Deshalb habe ich auch immer die Dunkelheit bevorzugt.

,,Ich kann nichts anfassen und auch nicht berührt werden. Wenn ich etwas auf meiner Haut spüre, dass ich nicht verarbeiten kann, zwingt mich mein Kopf sofort mir diese Stelle zu waschen. Ich kann keine bestimmte kleiden tragen, kein bestimmtes Papier anfassen und ich kann manchmal nicht einmal meine Eltern umarmen"

Schluckend sah ich zu ihr. Völlig entsetzt sah Brooklyn mich an, dabei wirkte sie aber noch fassungsloser, als ich einfach anfing zu lachen.

Ich wusste nicht, wie ich mit meinen und ihren Emotionen umgehen sollte. Ich verstand meine eigenen ja schon kaum, woher sollte ich also wissen, wie ich mit ihren umgehen sollte?

Ich entschied mich einfach weiter zu sprechen, schließlich war ich ja noch nicht fertig gewesen.
,,Es heißt ja Geschmäcker sind verschieden, in meinen Fall kann ich nicht einmal richtig essen.
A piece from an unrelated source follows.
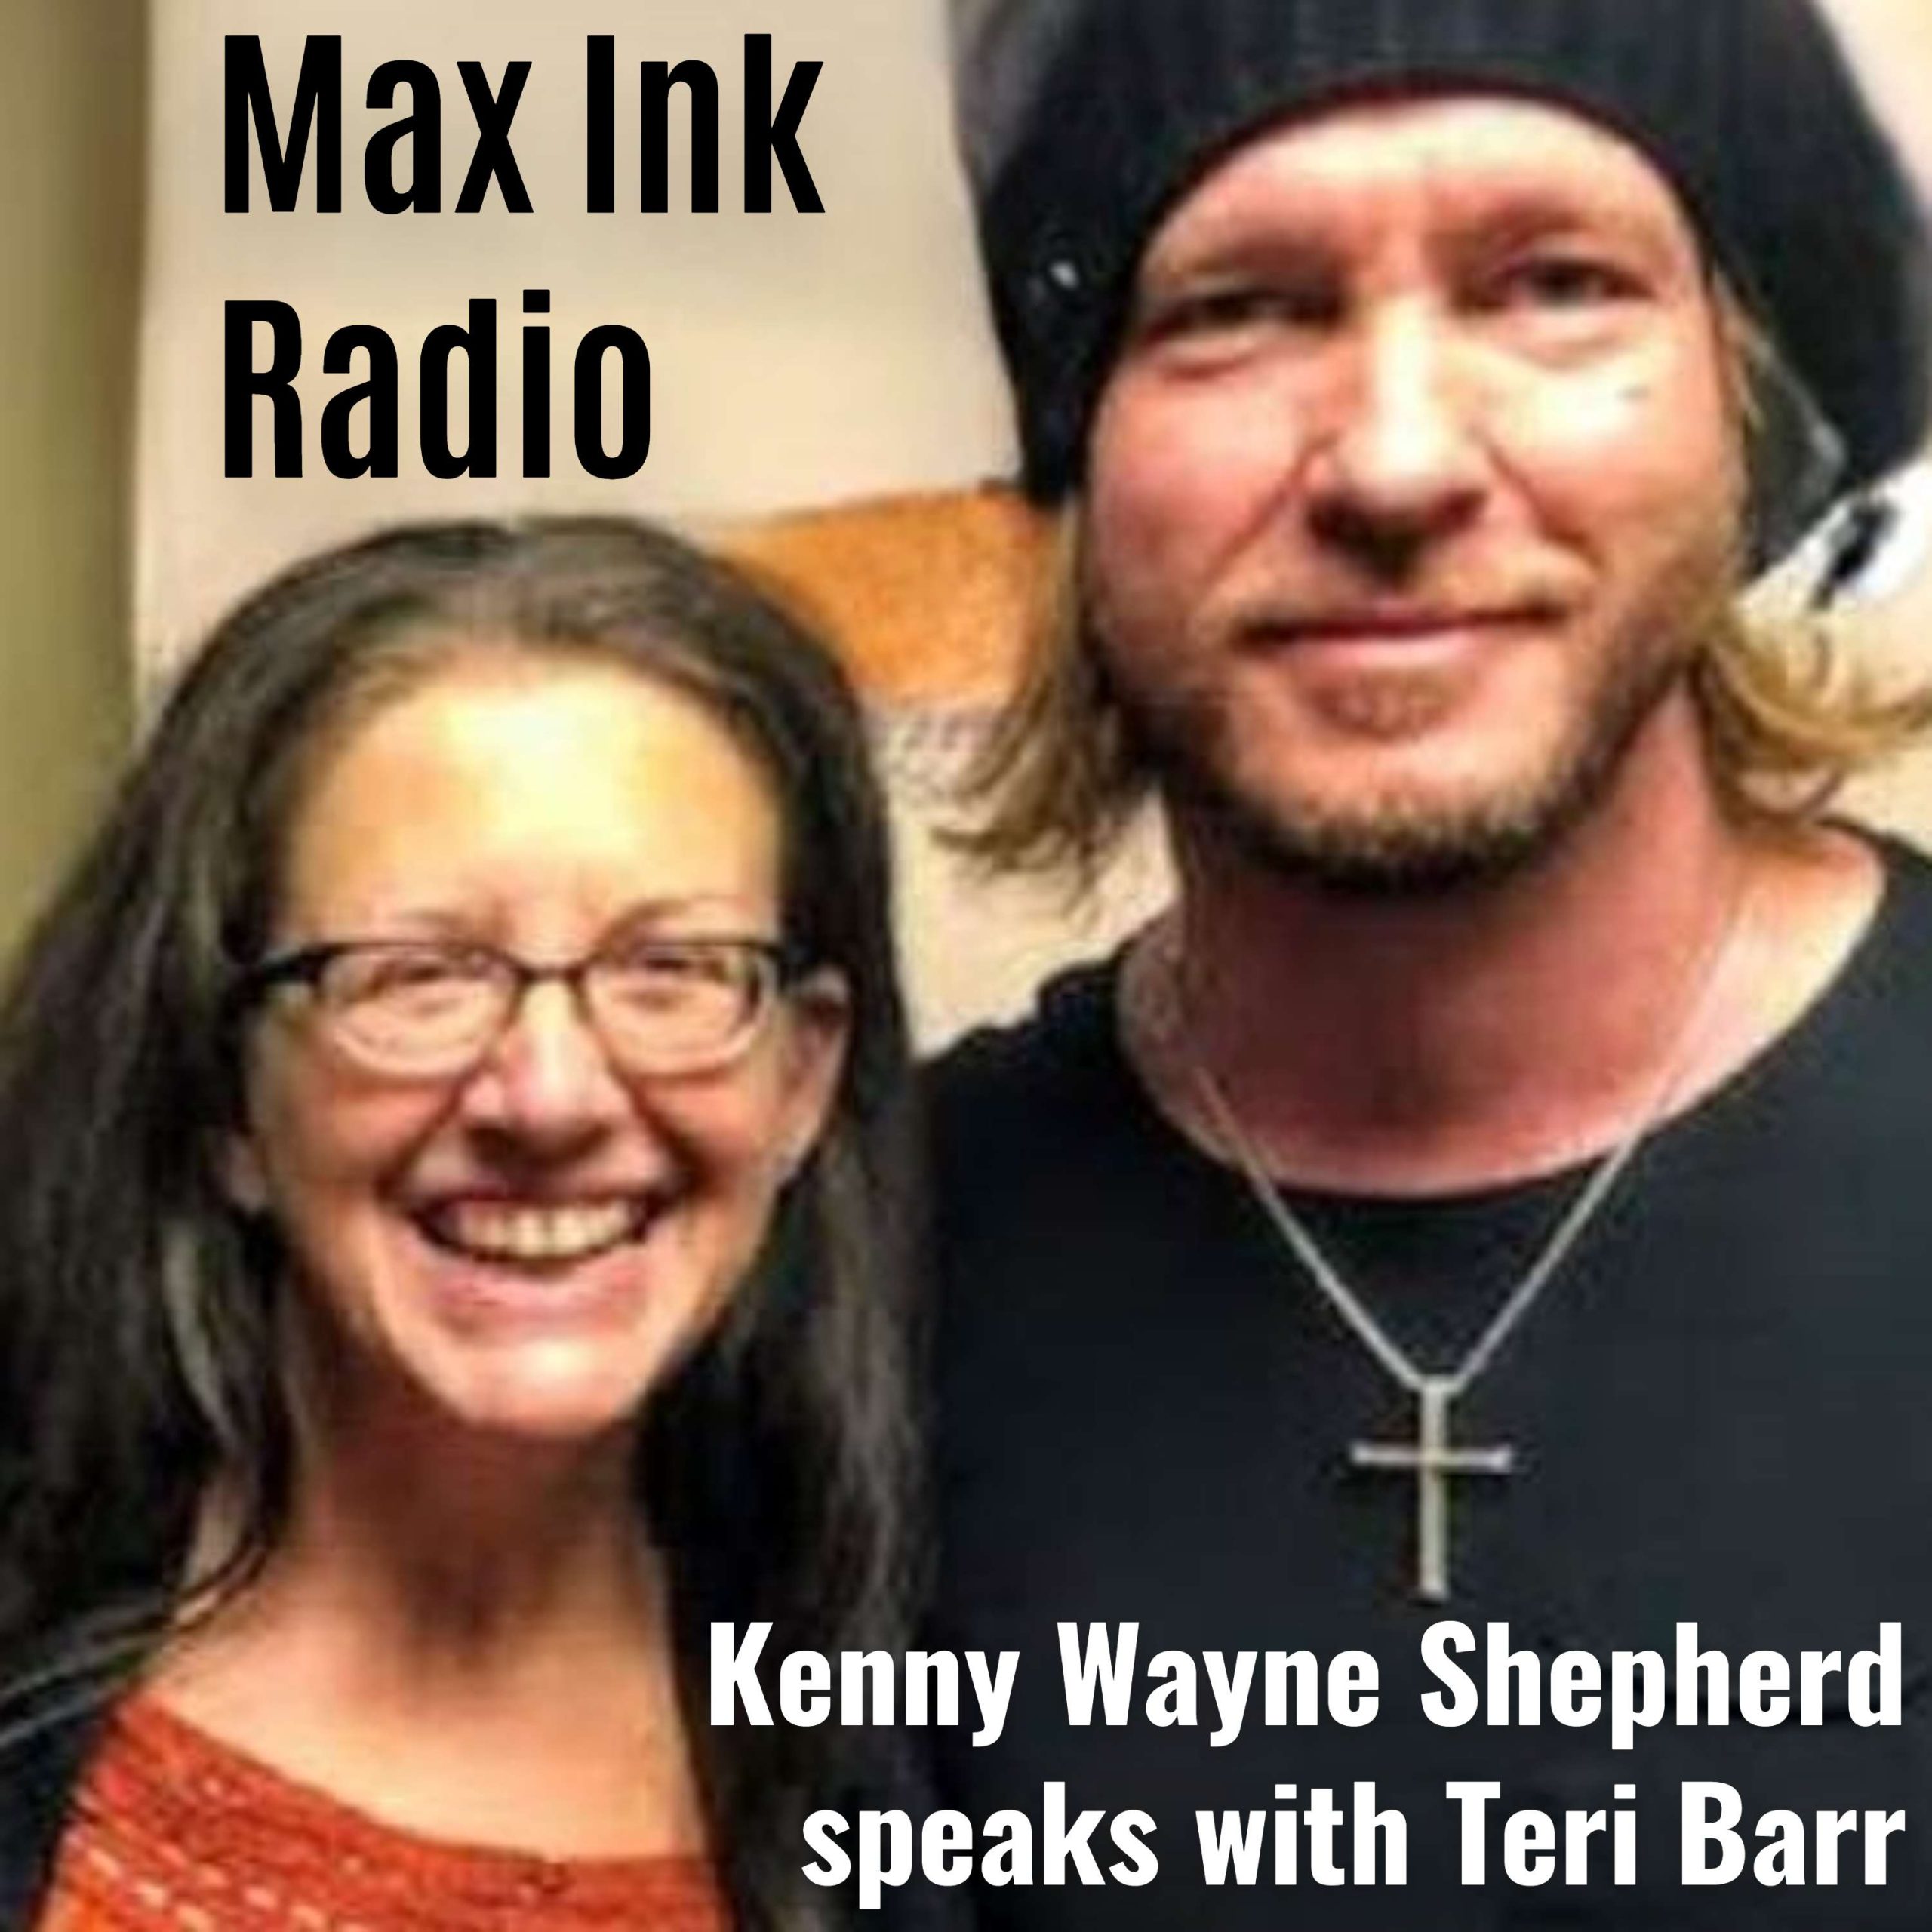 Kenny Wayne Shepherd and Max Ink Radio's Teri Barr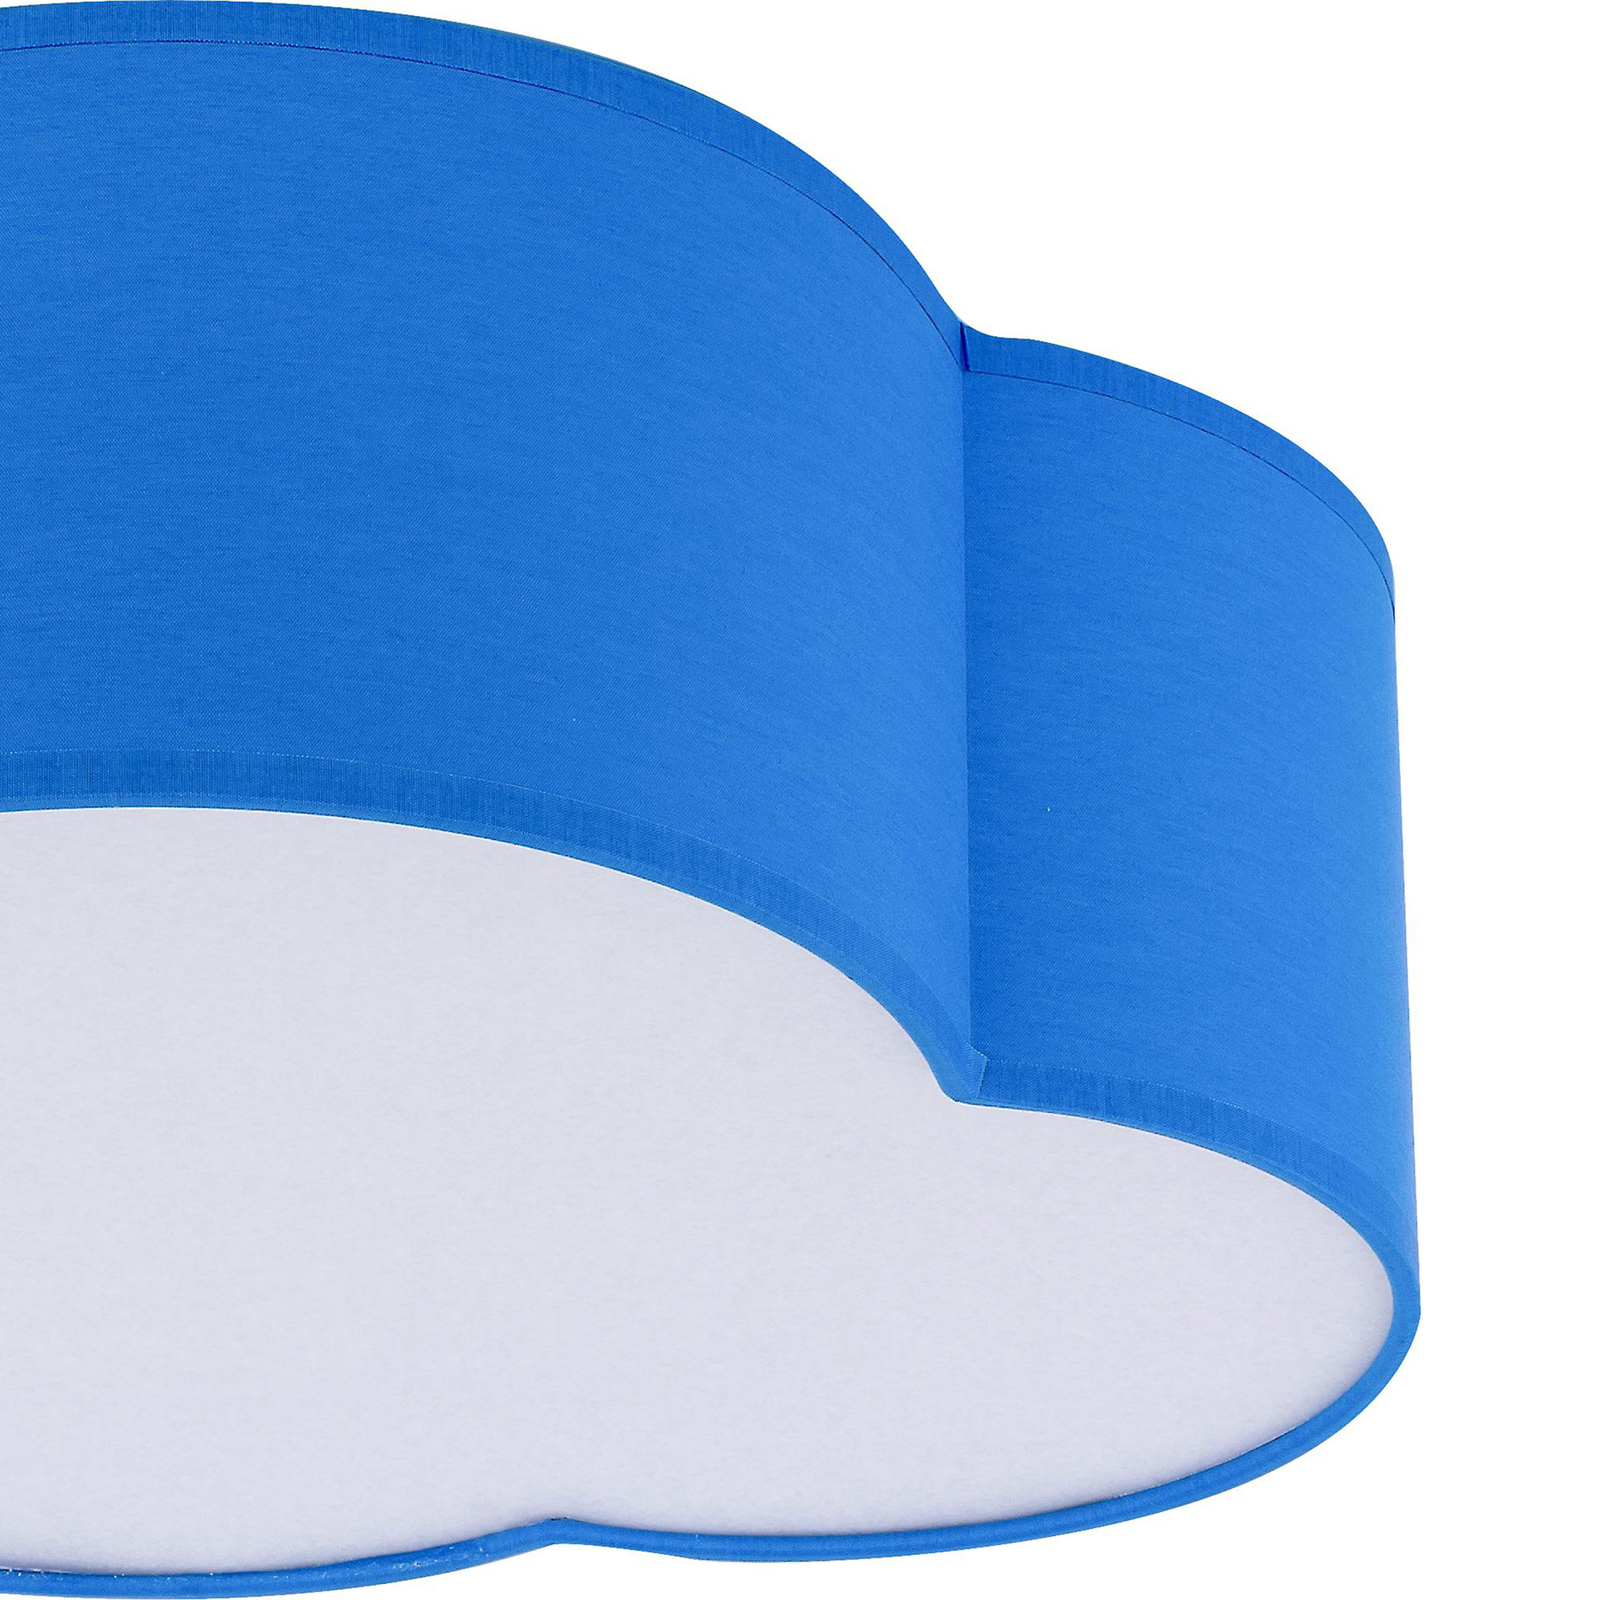 Lubinis šviestuvas "Cloud", tekstilė, 41 x 31 cm, mėlyna

Allein schon der Geruch oder das Gefühl von bestimmten Sachen in meinen Mund, kann mich zum erbrechen bringen, weshalb ich kaum etwas essen kann.

,,Du hast eine Essstörung!"
,,Ich hab auch eine Zwangsstörung" Lachte ich, ohne zu verstehen, dass sie es nicht lustig fand.

Die meisten hätten sich schließlich nur darüber lustig gemacht, dass ich meine Bücher nach Farbe und Größe sortieren musste, dass ich einen Nervenzusammenbruch erlitt, wann immer ich meine Bücher neu einsortiert musste.

Das ich mir meine Hände in einer bestimmten Reihenfolge waschen musste, obwohl ich kein Wasser auf meiner Haut ertragen konnte.

Das ich mir für alltägliche Sachen wie Zähneputzen, Duschen, Essen und Trinken, Wecker und Erinnerung stellen musste, damit ich diese Dinge nicht vergaß. Gleichzeitig lagen meine Nerven aber auch blank, wann immer ich diese Sachen nicht rechtzeitig ausführen konnte. Selbst wenn es nur wenige Minuten waren.

,,Wenn man Autismus hat, dann kann das eben solche Sachen vereinen" Meine Betonung lag dabei auf kann.

Brooklyn senkte ihren Blick, es war eine Geste des Mitleids, aber das wollte ich nicht.

Es war kein ideales Leben, oft lag ich nachts in meinem Bett und betete, dass ich ohne Autismus aufwachen würde.

Aber ändern konnte ich es nicht. Ich wusste, wie ich zu leben hatte, weshalb ich auf ihr Mitleid auch nicht angewiesen war.

,,Brooklyn, Summer?" Hörte ich es von der anderen Seite der Tür kommen. Vorsichtig traten meine Eltern ein.
,,Deine Eltern gehen jetzt" Ließ meine Mutter Brooklyn wissen.

Nickend stand sie von meinen Bett auf. Sie umarmte mich nicht, stattdessen wank sie mir einfach zum Abschied.